*** Data to process ***

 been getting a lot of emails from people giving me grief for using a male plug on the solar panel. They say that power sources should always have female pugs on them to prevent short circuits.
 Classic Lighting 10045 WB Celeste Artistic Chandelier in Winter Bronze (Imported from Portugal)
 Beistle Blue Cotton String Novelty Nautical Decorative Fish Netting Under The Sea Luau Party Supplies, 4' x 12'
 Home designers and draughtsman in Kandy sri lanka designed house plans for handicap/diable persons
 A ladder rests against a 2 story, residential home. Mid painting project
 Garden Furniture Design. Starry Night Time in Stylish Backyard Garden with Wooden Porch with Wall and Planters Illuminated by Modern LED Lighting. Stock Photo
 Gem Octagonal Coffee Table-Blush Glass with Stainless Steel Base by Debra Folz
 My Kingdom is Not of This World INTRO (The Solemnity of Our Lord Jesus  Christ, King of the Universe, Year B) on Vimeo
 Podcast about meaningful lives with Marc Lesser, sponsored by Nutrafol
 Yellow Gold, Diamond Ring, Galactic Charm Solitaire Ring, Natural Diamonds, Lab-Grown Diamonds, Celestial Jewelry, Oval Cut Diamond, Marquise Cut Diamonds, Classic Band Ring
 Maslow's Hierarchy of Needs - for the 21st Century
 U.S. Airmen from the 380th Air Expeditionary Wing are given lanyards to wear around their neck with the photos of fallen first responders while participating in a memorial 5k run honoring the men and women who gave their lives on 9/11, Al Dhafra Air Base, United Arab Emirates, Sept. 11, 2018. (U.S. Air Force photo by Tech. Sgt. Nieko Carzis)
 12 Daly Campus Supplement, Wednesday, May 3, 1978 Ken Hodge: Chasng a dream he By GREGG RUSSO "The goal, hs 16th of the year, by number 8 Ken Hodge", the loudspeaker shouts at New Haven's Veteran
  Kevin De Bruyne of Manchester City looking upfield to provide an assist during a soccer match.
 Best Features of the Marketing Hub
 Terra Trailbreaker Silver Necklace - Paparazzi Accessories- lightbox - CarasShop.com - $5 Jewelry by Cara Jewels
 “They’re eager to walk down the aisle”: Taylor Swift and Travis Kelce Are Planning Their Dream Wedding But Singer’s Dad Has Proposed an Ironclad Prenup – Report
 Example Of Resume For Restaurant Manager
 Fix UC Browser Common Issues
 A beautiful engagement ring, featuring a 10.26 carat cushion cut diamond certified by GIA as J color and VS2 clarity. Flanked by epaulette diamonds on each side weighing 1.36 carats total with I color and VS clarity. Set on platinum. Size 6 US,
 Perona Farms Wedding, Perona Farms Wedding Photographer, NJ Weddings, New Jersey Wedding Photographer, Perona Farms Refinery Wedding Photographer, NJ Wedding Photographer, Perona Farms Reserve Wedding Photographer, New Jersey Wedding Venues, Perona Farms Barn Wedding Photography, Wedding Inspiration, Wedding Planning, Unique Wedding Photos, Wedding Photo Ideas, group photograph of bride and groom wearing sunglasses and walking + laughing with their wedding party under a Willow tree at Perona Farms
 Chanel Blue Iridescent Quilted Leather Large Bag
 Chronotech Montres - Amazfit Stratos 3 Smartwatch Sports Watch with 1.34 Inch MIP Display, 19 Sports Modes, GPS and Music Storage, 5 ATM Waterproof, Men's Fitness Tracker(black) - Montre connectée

*** End of Data to process ***

*Assigned task*
The line containing "A beautiful engagement" and all lines after it, through the last line of the data, should be retyped exactly.

*Solution to the problem*
 A beautiful engagement ring, featuring a 10.26 carat cushion cut diamond certified by GIA as J color and VS2 clarity. Flanked by epaulette diamonds on each side weighing 1.36 carats total with I color and VS clarity. Set on platinum. Size 6 US,
 Perona Farms Wedding, Perona Farms Wedding Photographer, NJ Weddings, New Jersey Wedding Photographer, Perona Farms Refinery Wedding Photographer, NJ Wedding Photographer, Perona Farms Reserve Wedding Photographer, New Jersey Wedding Venues, Perona Farms Barn Wedding Photography, Wedding Inspiration, Wedding Planning, Unique Wedding Photos, Wedding Photo Ideas, group photograph of bride and groom wearing sunglasses and walking + laughing with their wedding party under a Willow tree at Perona Farms
 Chanel Blue Iridescent Quilted Leather Large Bag
 Chronotech Montres - Amazfit Stratos 3 Smartwatch Sports Watch with 1.34 Inch MIP Display, 19 Sports Modes, GPS and Music Storage, 5 ATM Waterproof, Men's Fitness Tracker(black) - Montre connectée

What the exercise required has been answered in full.